Since LcrV of the Angola strain of Y. pestis corresponded to the consensus sequence (Fig. 1), the 3D model of LcrV from this strain was constructed by using the crystal structure of this protein from Y. pestis KIM (Derewenda et al., 2004). According to the Structural Classification of Proteins (SCOP; release 1.71) (Murzin et al., 1995) the fold of the LcrV protein consists of an "all-alpha" domain, made mostly from the N-terminal region, and an "alpha+beta" domain. The domains are connected by an antiparallel coiled coil. Most of the LcrV amino acid polymorphisms, including those located in the regions that were not modeled, are found within the N-terminal region, residues 1–146. Inspection of 3D molecular models of LcrV showed that, with the exception of residue 273, all polymorphisms (72, 84, 103, 113, and 324) are located within the “all-alpha” domain (Fig. 2).

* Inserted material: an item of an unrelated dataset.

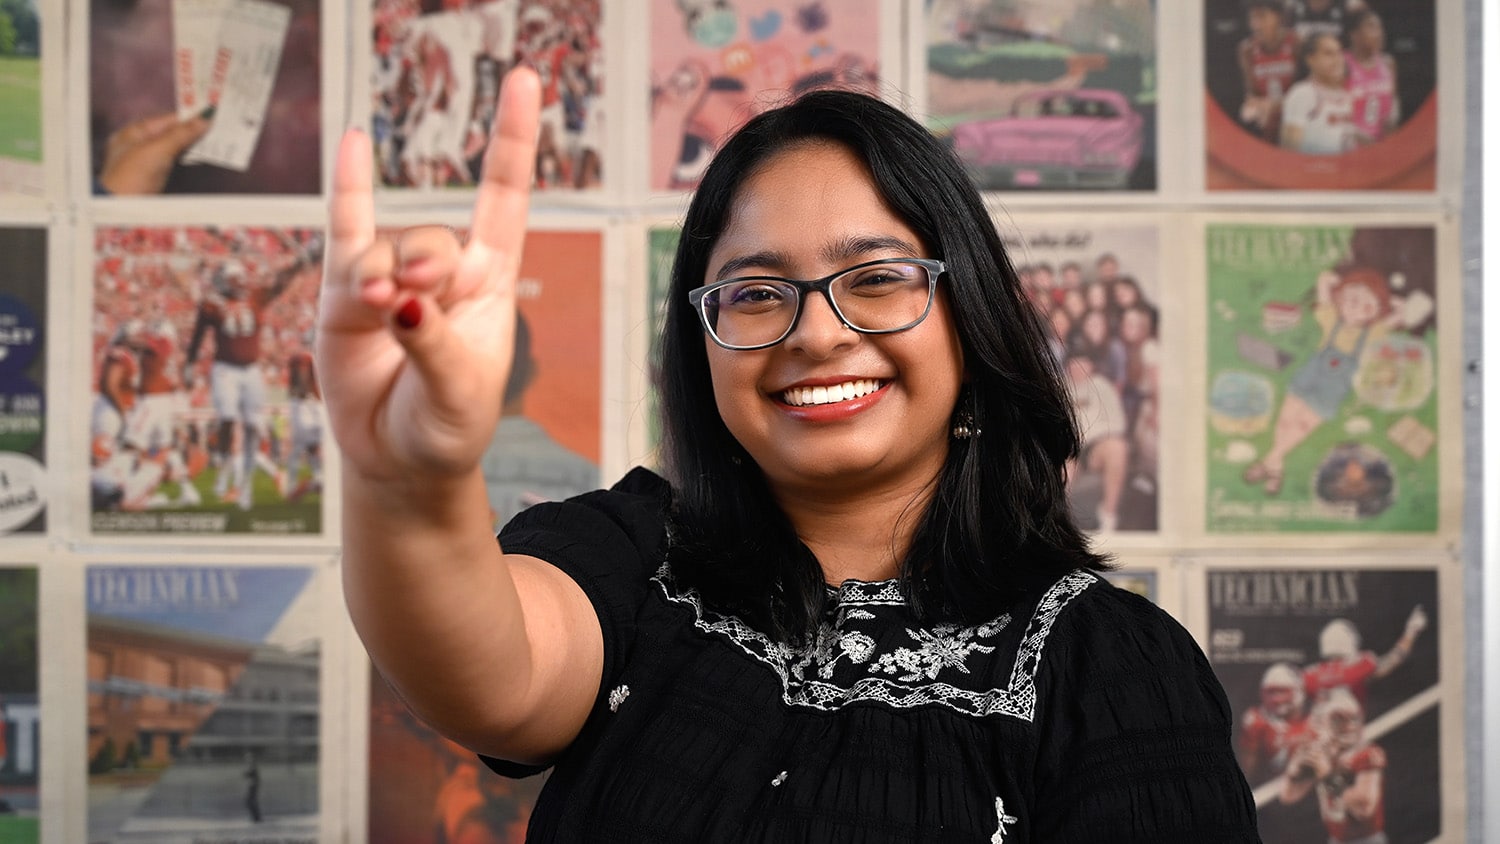 Biological sciences student Shilpa Giri smiles in front of a wall covered in issues of Technician

Sequence polymorphisms at positions 273 and 324 in the LcrV protein sequence occur in regions that are disordered in the crystal structure. Alignment of the LcrV of Y. pestis with its homologs from other bacterial species revealed that there are no conserved residues in the C-terminus region, 321–326, suggesting a limited structural importance of this area (Fig. 1). Although the residue at position 273 is not highly conserved, the internal loop (261–281) contained ten identical residues between all species, indicating a possible structural and functional significance of this region of LcrV. The sequence variations at positions 72, 84 and 103 probably have minimal structural consequences and lead to minor local perturbations of the structure.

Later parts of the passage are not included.